The sources are sketchy and often unreliable--interrogations of al Qaeda detainees, reports from CIA operatives overseas or FBI field agents, intercepted phone calls and E-mails, even menacing postings on the Web. Most of the threats are vague and uncorroborated. Some are little more than guesswork. A sudden spike in telephone calls to a known terrorist accomplice might signal a pending attack. Or a compelling tip outlining a sinister plot might turn out to be the rantings of someone with a history of mental health problems.
Deep inside the Central Intelligence Agency's sprawling headquarters in Langley, Va., a team of experts in the Counterterrorism Center sifts through this kind of raw material. Its task: to produce the "Threat Matrix," a daily top-secret compendium of the latest intelligence about potential terrorist plots and activities. Specialists from both the agency's analytic and covert branches work side by side, assembling clues from every corner of the U.S. government for what officials regard as the key early-warning system for possible terrorist attacks.

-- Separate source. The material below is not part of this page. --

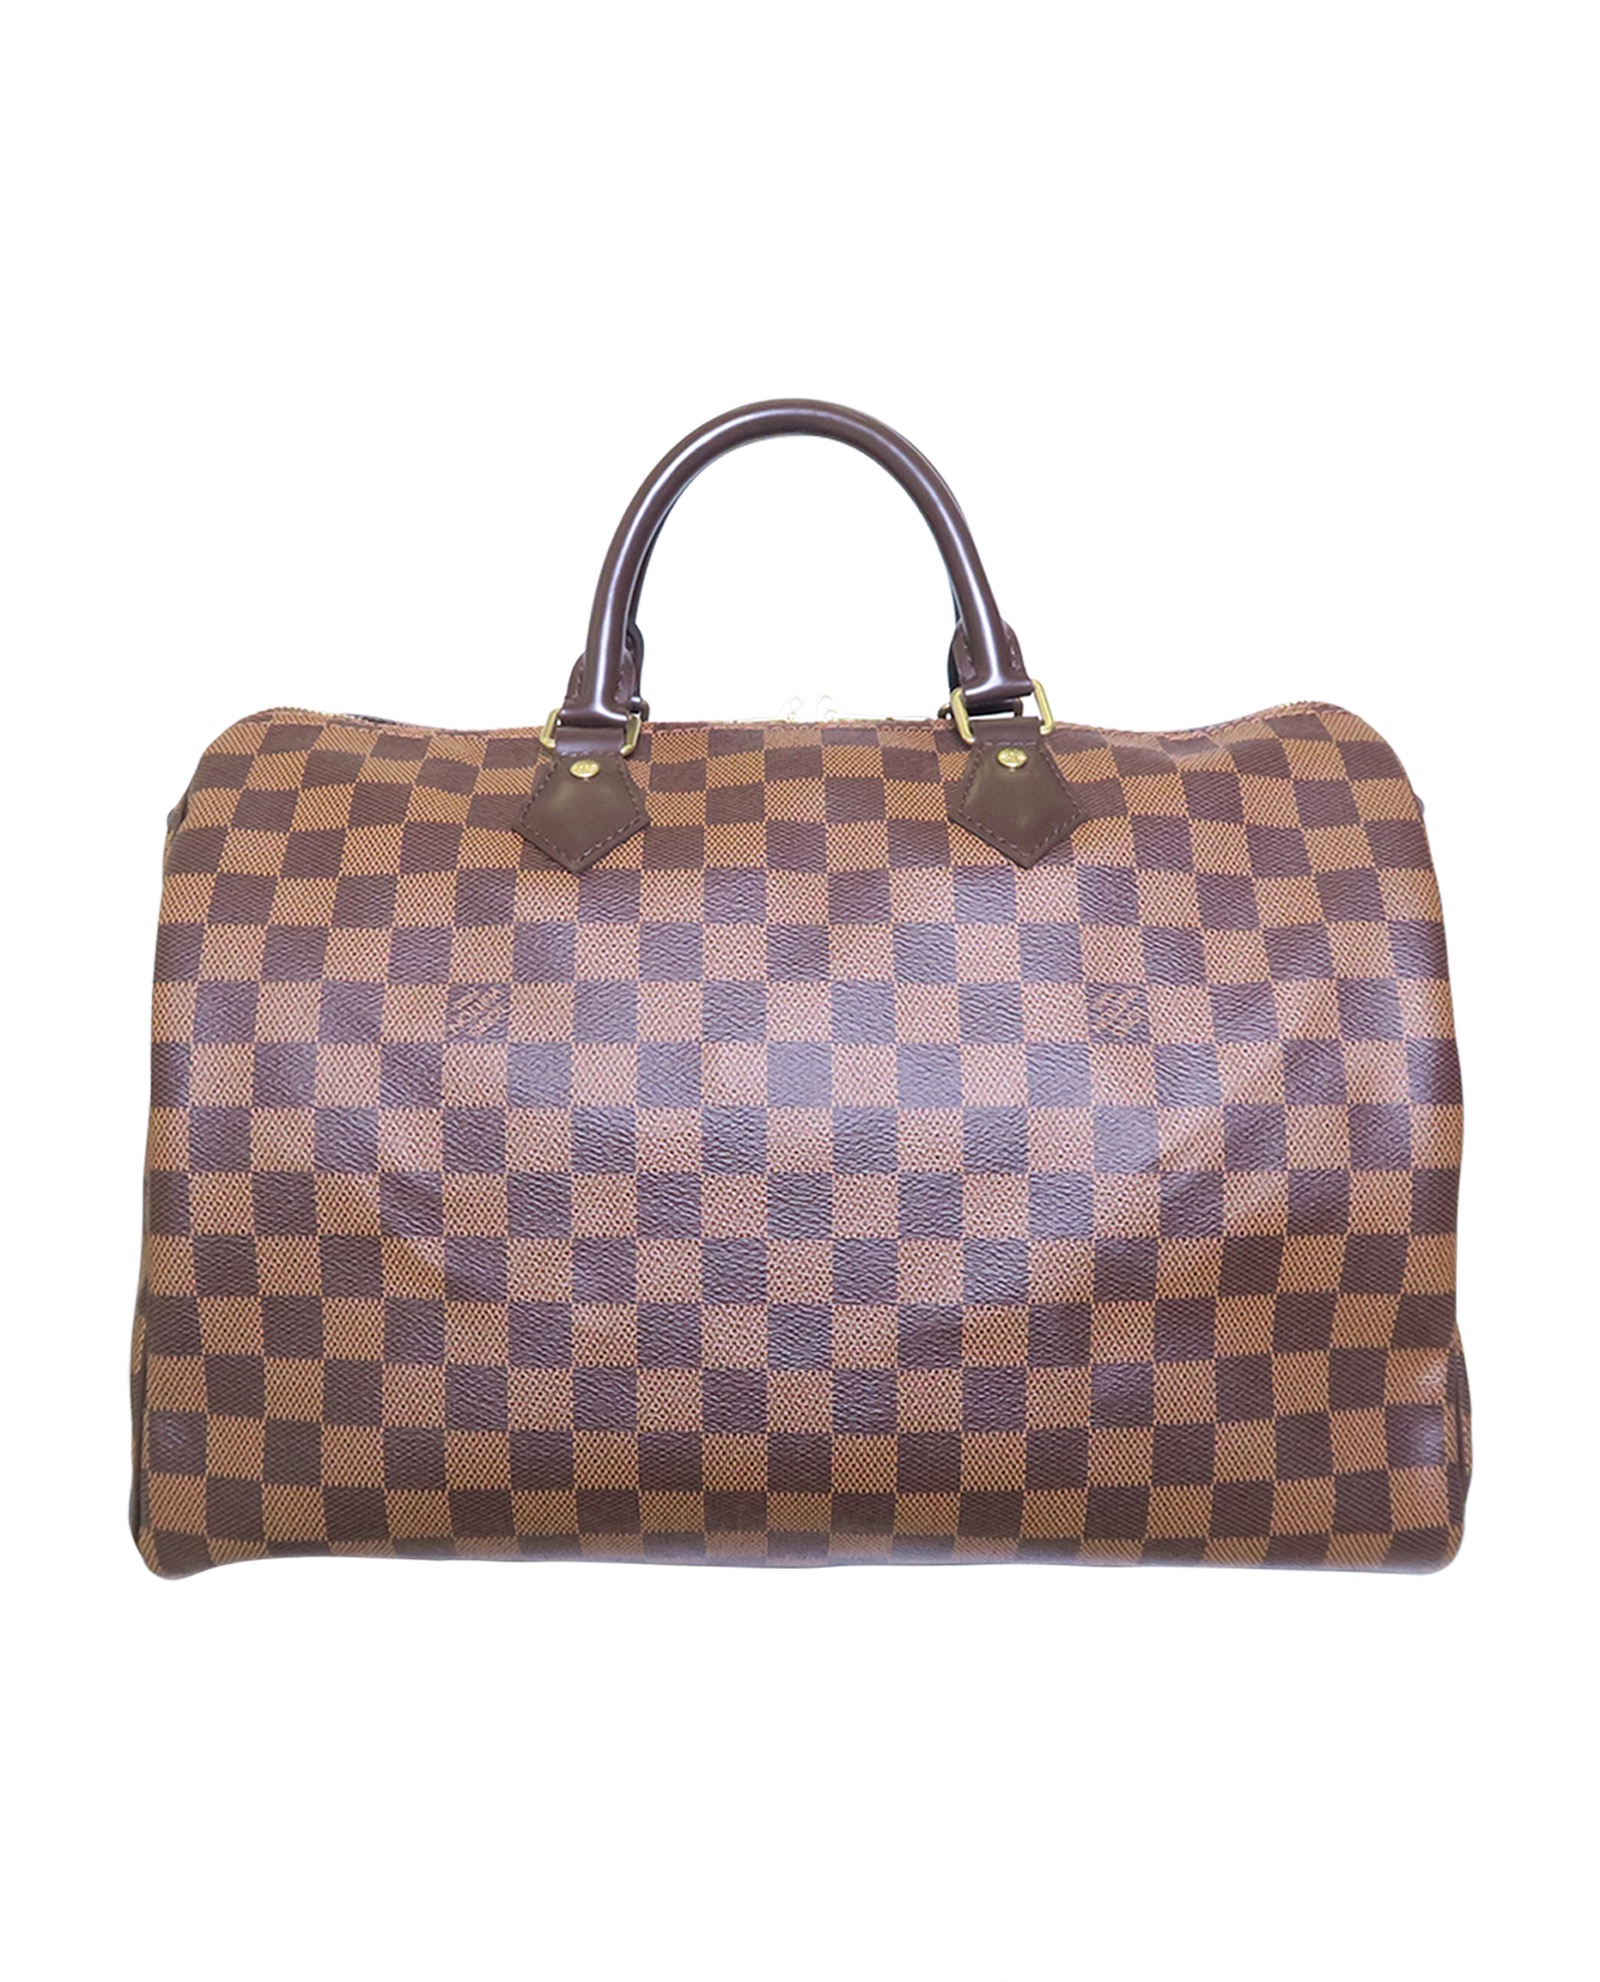 Designer Exchange Ltd - Need some extra cash in time for Christmas? 🎅 Sell  your Louis Vuitton Speedy Bandouliere to us 👜 We are looking for them in  any size, leather and

Throughout the day and into the night, the CIA team culls the reporting to focus on the most pressing, alarming, or credible threats. Slowly, the next day's matrix takes shape. Analysts assemble the spreadsheetlike document--ranging in length from several pages to two dozen--which describes each potential threat, the warning's source, and the government's reaction. The matrix evolves as the vast threat database is updated around the clock. By sunrise, the team makes its final changes. A CIA briefer, often accompanied by CIA Director George Tenet, carries a copy to the White House for a daily 8 a.m. meeting with President Bush and his top advisers. Copies also go out to every agency that works on homeland security.

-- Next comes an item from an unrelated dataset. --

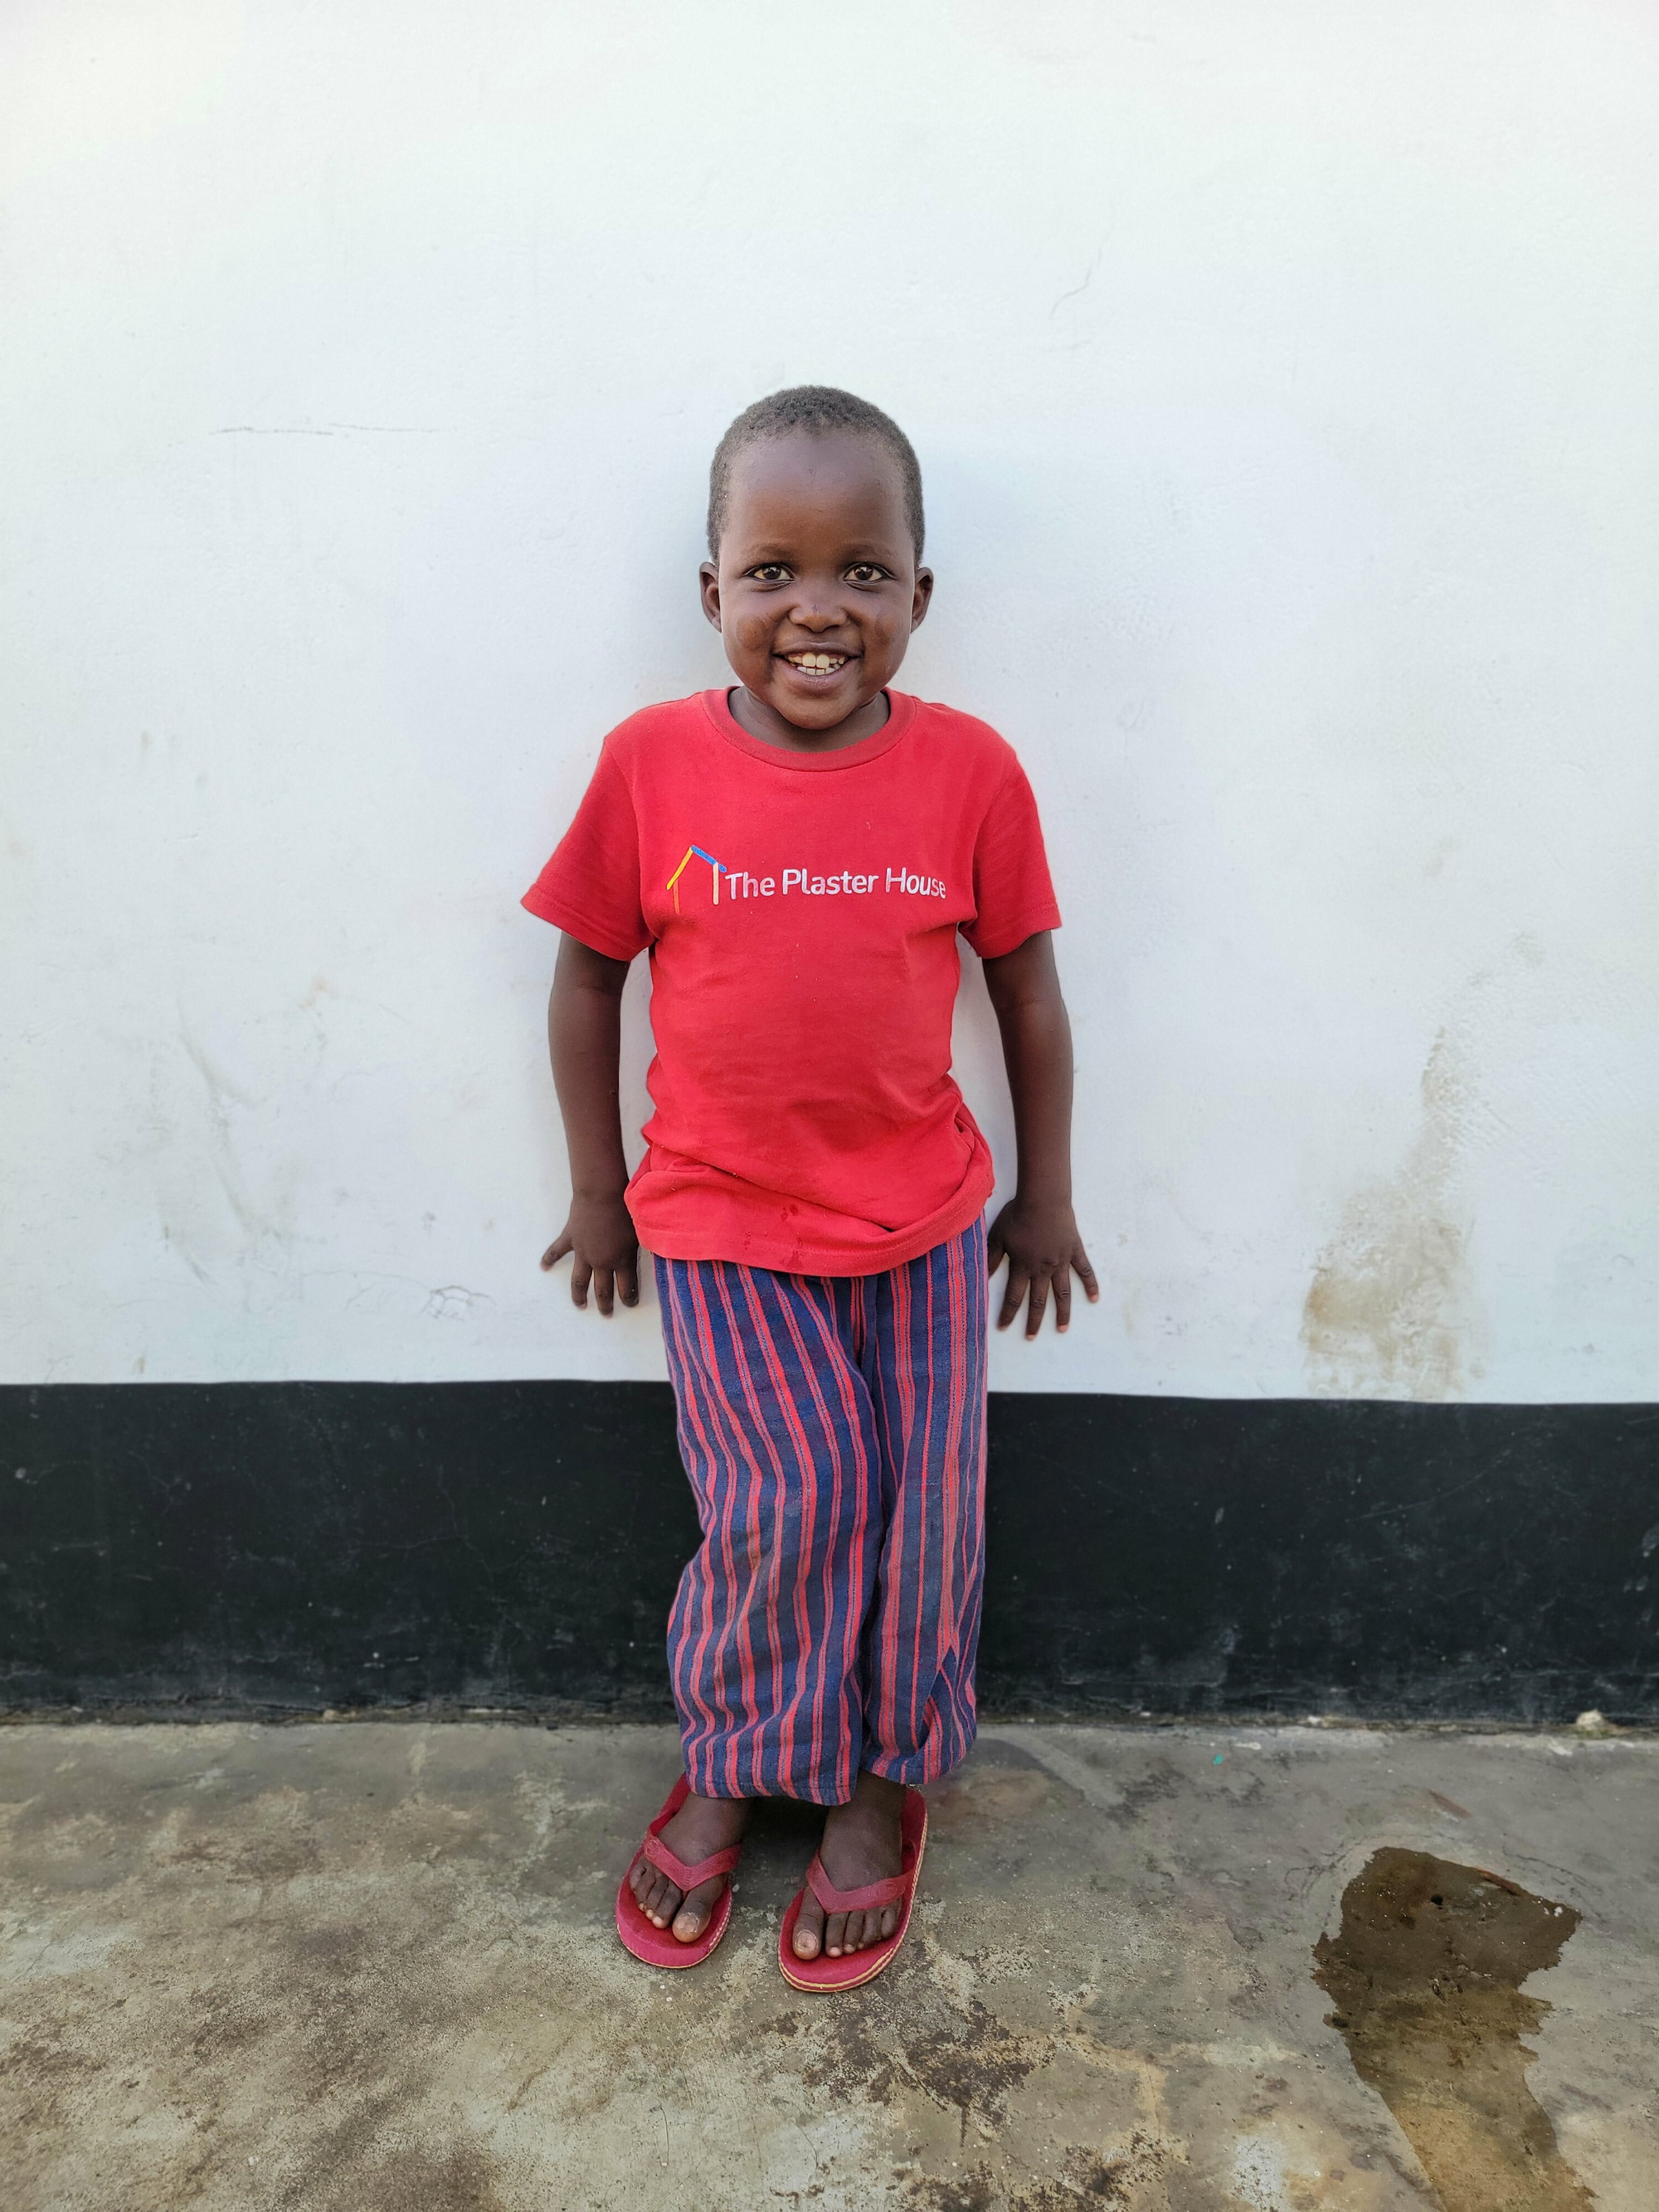 Meet Lawamutwe, a sweet 7-year-old boy from Tanzania, who can now walk and play with his friends because of the generosity of Watsi supporters including the Kerney Family.

Last week, Americans got a sense of the threat matrix--and what makes it so problematic for officials--as they were inundated with a series of ominous warnings, as vague as the original threats. Television news crews clogged the Brooklyn Bridge after information leaked out about a possible threat to that and other New York City landmarks. Officials in Orlando, Fla., reported a confusing threat against the water system. Other advisories were issued about possible subway system plots and terrorist scuba divers. The fresh case of jitters was reminiscent of the weeks following September 11, as the stock market hiccuped and nervous officials canceled events like a 119th-birthday party for the Brooklyn Bridge. This flood of warnings coincided with a spike in what intelligence officials call "chatter," or communications between suspected terrorists. But it also comes amid a burgeoning congressional inquiry into intelligence failures by the FBI and others before the September 11 attacks (box, Page 30).
The drumbeat intensified as senior officials offered a range of alarming predictions. Vice President Dick Cheney repeated his assertion that al Qaeda will certainly strike again. Secretary of Defense Donald Rumsfeld said terrorists will inevitably obtain weapons of mass destruction. FBI Director Robert Mueller forecast the inevitability of suicide bombers. And Democratic Sen. Bob Graham of Florida, the chairman of the Senate Intelligence Committee, reported that two dozen "extremists" may have entered the United States in recent weeks after hiding aboard containerships.